This repo contains code and data for Learning to Estimate External Forces of Human Motion in Video, ACMMM 2022.

Update

  • (10/08/2023) Released ForcePosev1.1
    • Include toe and heel keypoint detections using AlphaPose (Coco Wholebody+256x192+ResNet50)
    • Include center-of-pressure (cop) data points
    • Fix misalignment between RGB videos and force plate (and mocap data)

Data

Download data here (ForcePosev1.0)

ForcePose contains motion capture markers, coco detections, and force plate magnitudes for the following movements (triangulated COCO detections shown):

GIF

The ForcePose dataset contains 168 movements and 8 subjects (6 train, 2 validation).

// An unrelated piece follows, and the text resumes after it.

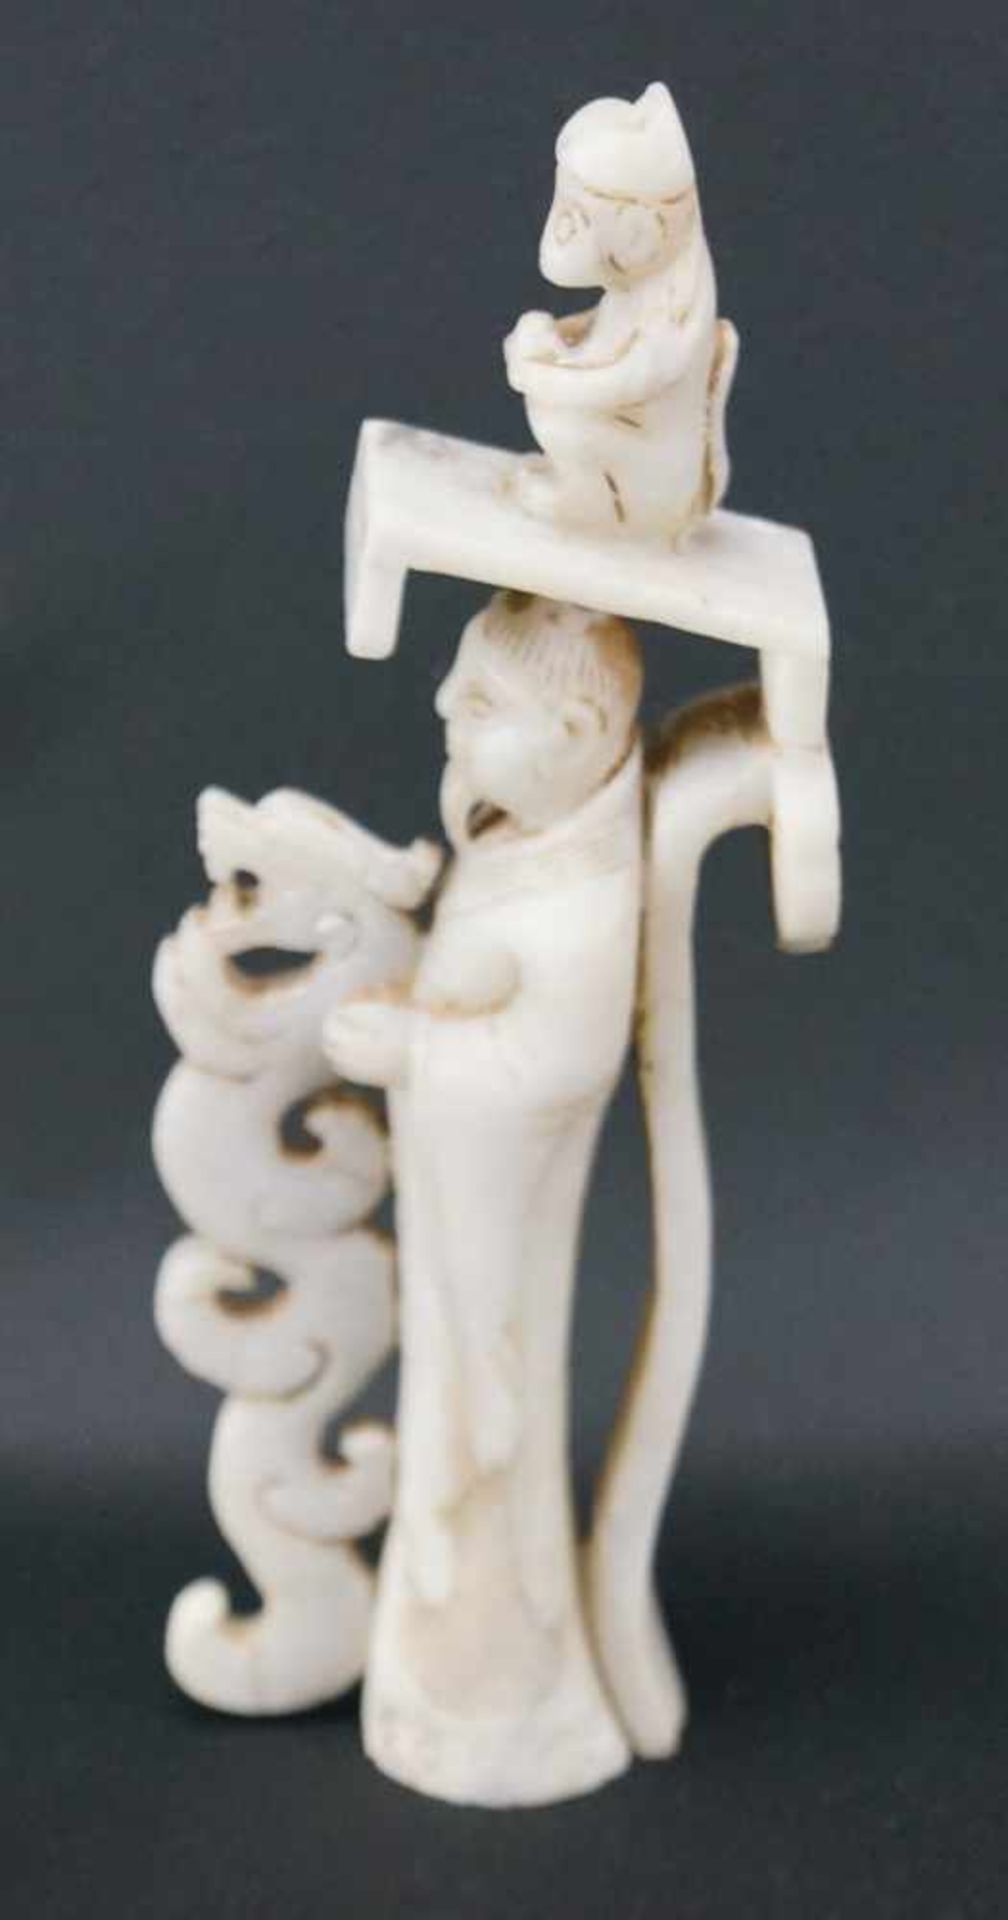 JadefigurWeiße Jade, Darstellung eines Weisen mit Drachen und Affe, Höhe 18 cm x Breite 7 cm, in - Bild 3 aus 10

124 trials/movements in train 44 trials/movements in validation

Each sample contains multiple camera views (up to 8), 2D pose predictions on each view, triangulated poses for each time step, and corresponding Ground Reaction Forces (GRFs). The RGB data is recorded 50 fps, the motion capture at 100 fps, and the force plates at 600 fps.

Data format (list): Each video/trial is a dict with the following keys:

- "subject" (string)
- "movement" (string)
- "frame_width" (int)
- "frame_height" (int)
- "total_frames" (int)
- "frames" (list)
        - "image_name" (string)
        - "image_index" (int)
        - "cam"_[x] (dict)
                - 'box' (bounding box - xtl,ytl,xbr,ybr)
                - 'keypoints' - 51 2D joints (17 joints x 3 [x,y,confidence]) (MSCOCO format)
        - "triangulated_pose" (list)
                - 17 triangulated joints (MSCOCO format)
- "mocap" (dict)
        - [marker_name] (list)
                - N frames, marker position  
- "grf" (dict) 
        - 'time' (list)
        - 'ground_force1_vx' (list)
        - 'ground_force1_vy' (list)
        - 'ground_force1_vz' (list)
        - 'ground_force2_vx' (list)
        - 'ground_force2_vy' (list)
        - 'ground_force2_vz' (list)
- "cop" (dict)
        - 'time' (list)
        - 'ground_force1_px' (list)
        - 'ground_force1_py' (list)
        - 'ground_force1_pz' (list)
        - 'ground_force2_px' (list)
        - 'ground_force2_py' (list)
        - 'ground_force2_pz' (list)

Code

System Requirements:

  • Linux (Tested on Ubuntu 20.04)
  • CUDA 11.x
  • Python 3.8+
  • PyTorch 1.7.1+

Creating a Conda Virtual Environment:

conda env create -f environment.yml
conda activate forcepose

Preparing data:

mv forcepose.tar.gz data/
cd data
tar -xvf forcepose.tar.gz
cd ..
python3 data/prepare_data_force_pose.py

This will create three files:

  • data/data_2d_force_pose_pt_coco.npz
  • data/data_3d_force_pose.npz
  • data/data_2d_force_pose_gt.npz

Testing:

In our experiments, we optimize each modality for the lowest RMSE. Hence, the number of frames for pre-trained models will vary.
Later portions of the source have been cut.